All of the defendants except Shaulson answered the complaint.   In lieu of an answer, Shaulson moved pursuant to CPLR 3211(a)(8) to dismiss the complaint insofar as asserted against him for lack of personal jurisdiction.   In his affidavit, Shaulson averred that he was a resident of Florida, had never been a member of HS Care, did not maintain an office, bank accounts, employees, telephone lines, or mailing addresses in New York, and did not conduct any transactions in New York, either individually or in a corporate capacity.   In opposition, the plaintiffs submitted an affidavit from their counsel, to which was attached, inter alia, documents related to the sale of HS Care to Oakwood LLC, including the asset purchase agreement, the schedule of HS Care's liabilities, and the promissory note.   The Supreme Court granted the motion, finding no evidence that Shaulson was a member of HS Care and noting that he was a resident and domiciliary of Florida at all relevant times.   The plaintiffs appeal.   We reverse.

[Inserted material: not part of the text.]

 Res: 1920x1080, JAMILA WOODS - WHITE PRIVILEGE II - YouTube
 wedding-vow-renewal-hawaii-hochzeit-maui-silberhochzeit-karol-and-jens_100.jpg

 Although a plaintiff bears the ultimate burden of proof on the issue of personal jurisdiction (see Cornely v. Dynamic HVAC Supply, LLC, 44 A.D.3d 986, 845 N.Y.S.2d 797;  Ying Jun Chen v. Lei Shi, 19 A.D.3d 407, 407, 796 N.Y.S.2d 126), in opposing a motion to dismiss pursuant to CPLR 3211(a)(8) on the ground that discovery on the issue of personal jurisdiction is necessary, plaintiffs need not make a prima facie showing of jurisdiction, but instead must only set forth “a sufficient start, and show[ ] their position not to be frivolous” (Peterson v. Spartan Indus., 33 N.Y.2d 463, 467, 354 N.Y.S.2d 905, 310 N.E.2d 513;  see American BankNote Corp. v. Daniele, 45 A.D.3d 338, 340, 845 N.Y.S.2d 266;  Ying Jun Chen v. Lei Shi, 19 A.D.3d at 408, 796 N.Y.S.2d 126;  Cordero v. City of New York, 236 A.D.2d 577, 654 N.Y.S.2d 661).

 Here, Shaulson did not dispute his status as a payee on the subject $3,000,000 promissory note, which contains a New York choice-of-law clause, and which was part of a $4,000,000 asset sale between two New York entities, HS Care and Oakwood LLC, the successive receivers of Oakwood, a New York nursing home.   Under the circumstances, and given the “substantial relationship between the transaction and the claim asserted” (Kreutter v. McFadden Oil Corp., 71 N.Y.2d 460, 467, 527 N.Y.S.2d 195, 522 N.E.2d 40), i.e., that the subject promissory note was allegedly part of a fraudulent conveyance to avoid HS Care's multimillion dollar liabilities to creditors, including the plaintiffs, the plaintiffs' opposition to Shaulson's motion was sufficient to warrant denial of the motion without prejudice to renewal upon completion of disclosure on the issue of whether long-arm jurisdiction may be established over Shaulson (see Fischbarg v. Doucet, 9 N.Y.3d 375, 380-381, 849 N.Y.S.2d 501, 880 N.E.2d 22;  Wright v. 299 Union Ave. Corp., 288 A.D.2d 382, 383, 733 N.Y.S.2d 223;  Multi-Modal Intl. v. Anglia N.Am., 227 A.D.2d 600, 643 N.Y.S.2d 600;  Staten Is. Hosp. v. Alliance Brokerage Corp., 166 A.D.2d 574, 576, 560 N.Y.S.2d 859).